Jerry D. Campbell is a former educator, librarian, and university administrator who served as the 6th president of Claremont School of Theology and the founding president of Claremont Lincoln University.

==Education==
Campbell earned a B.A. from McMurry College in 1968, an M.Div. from Duke University in 1971, and an M.S.L.S. from the University of North Carolina at Chapel Hill in 1972. He completed a Ph.D. in American history at the University of Denver in 1982, with a dissertation titled Biblical Criticism in America 1858–1929: The Emergence of the Historical Critic.

==Career==
Campbell began his career at the Iliff School of Theology, where he worked as a cataloger and later as director of technical services. He also contributed to early library automation efforts.

He served as director of the Bridwell Library at Southern Methodist University from 1980 to 1985. In 1985 he joined Duke University as Vice Provost for Library Affairs and University Librarian, later also serving as Vice Provost for Computing.

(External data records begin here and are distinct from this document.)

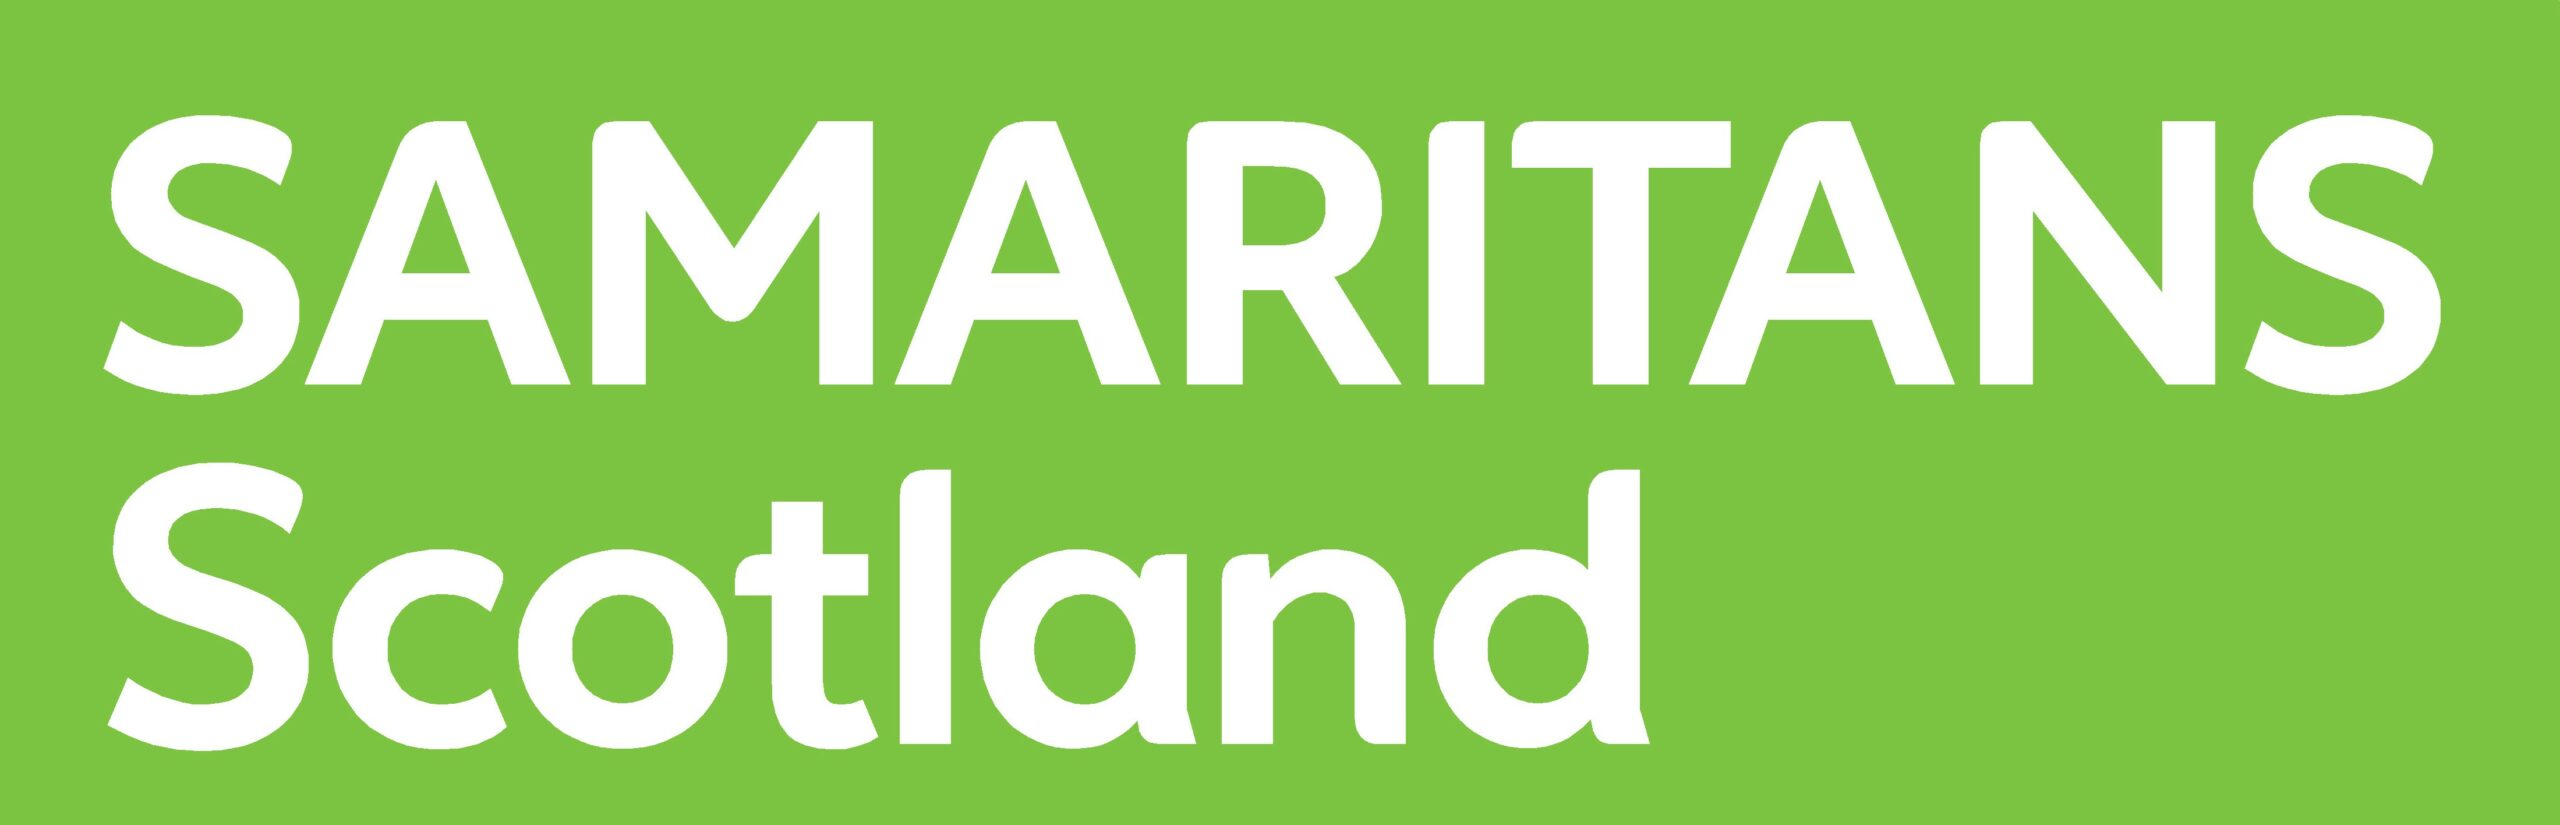 Samartians Scotland Logo (1)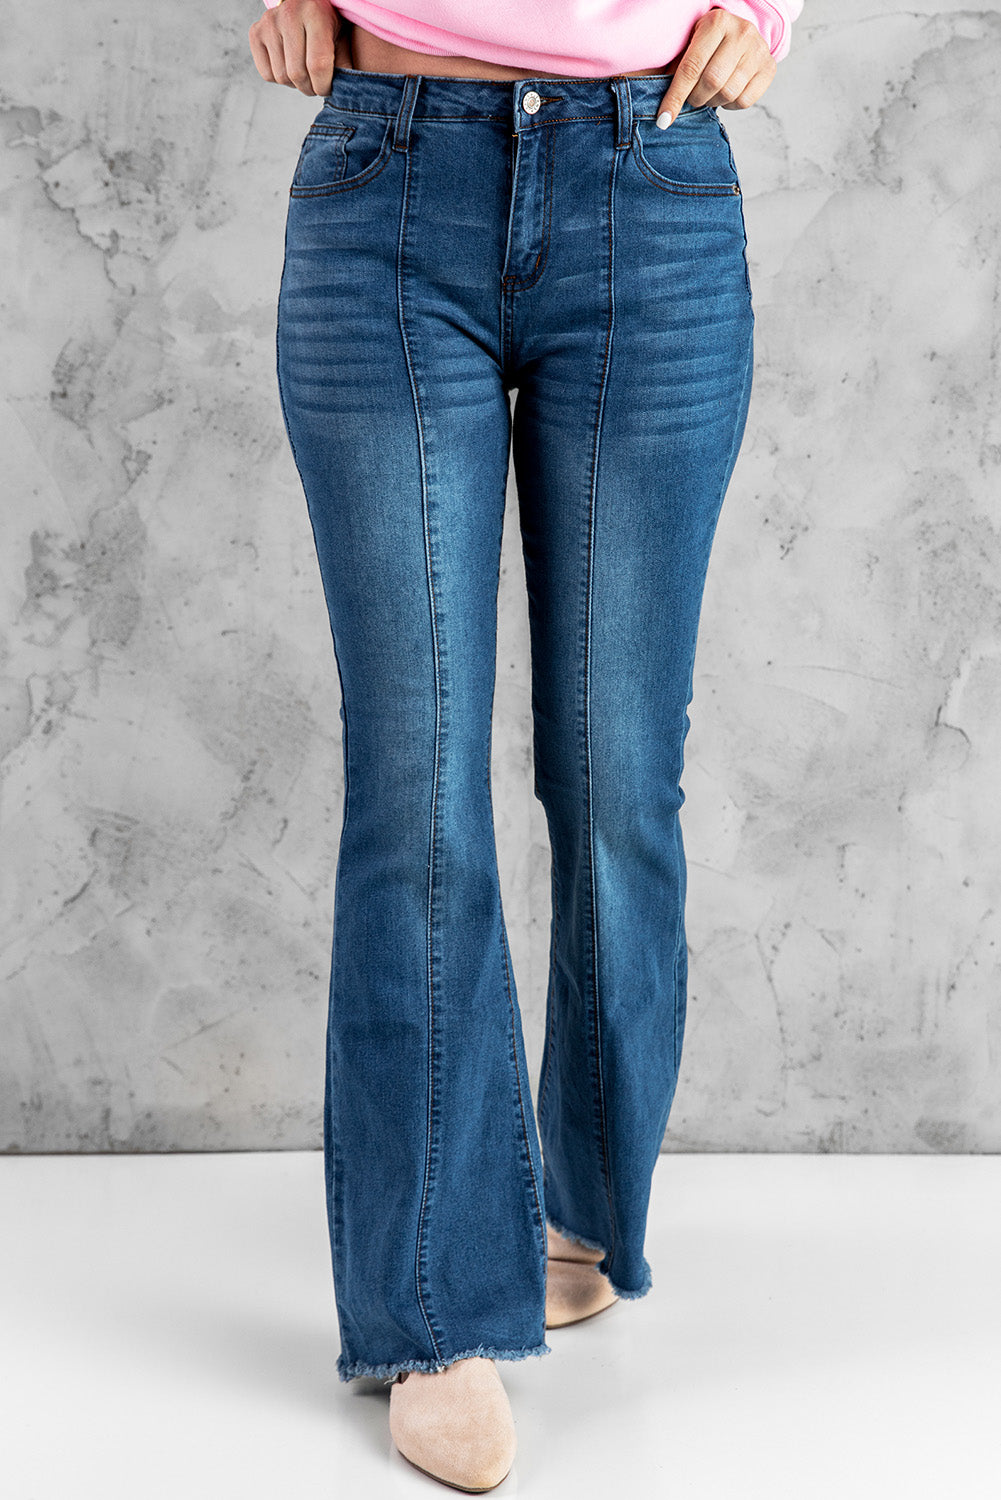 Blue Raw Hem Flared Jeans with Pockets Blue 73%Cotton+25.5%Polyester+1.5%Elastane Jeans JT's Designer Fashion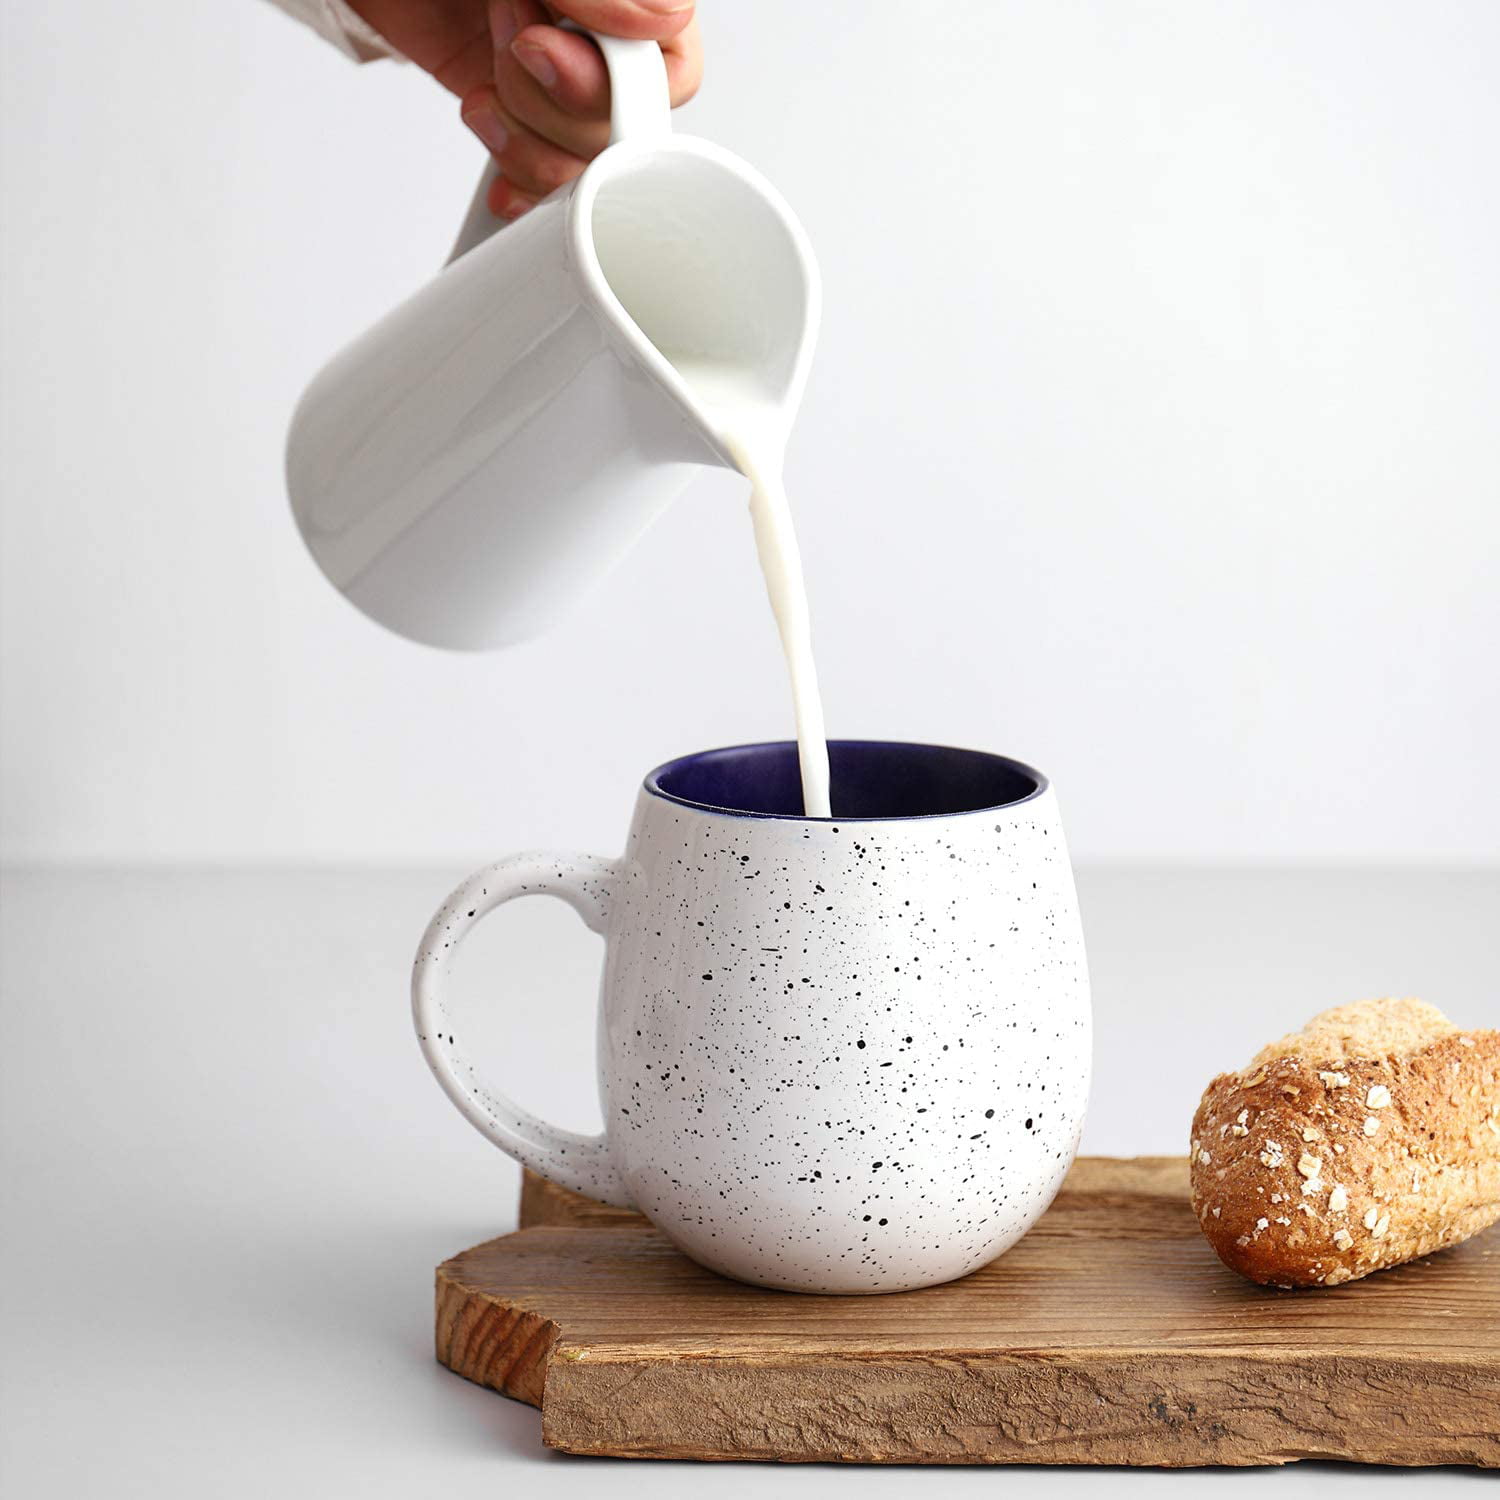 Coffee Mug Sets of 4, Lareina Cute Coffee Mug gift, 17 Ounce Large res –  Lareina Life

While at Duke, Campbell published articles on library budgeting and reference services, including "Shaking the Conceptual Foundations of Reference" in 1992.

Campbell became Dean of University Libraries at the University of Southern California in 1996 and subsequently served as Chief Information Officer and University Librarian. During his tenure at USC he oversaw a $17 million renovation of the Doheny Library.

In 2006 he was appointed President of the Claremont School of Theology (CST). He has stated that his experience managing technological change, faculty relationships, and limited financial resources in libraries prepared him for university administration. Contemporary reports described CST as facing declining enrollment, financial difficulties, and accreditation problems when Campbell was appointed president.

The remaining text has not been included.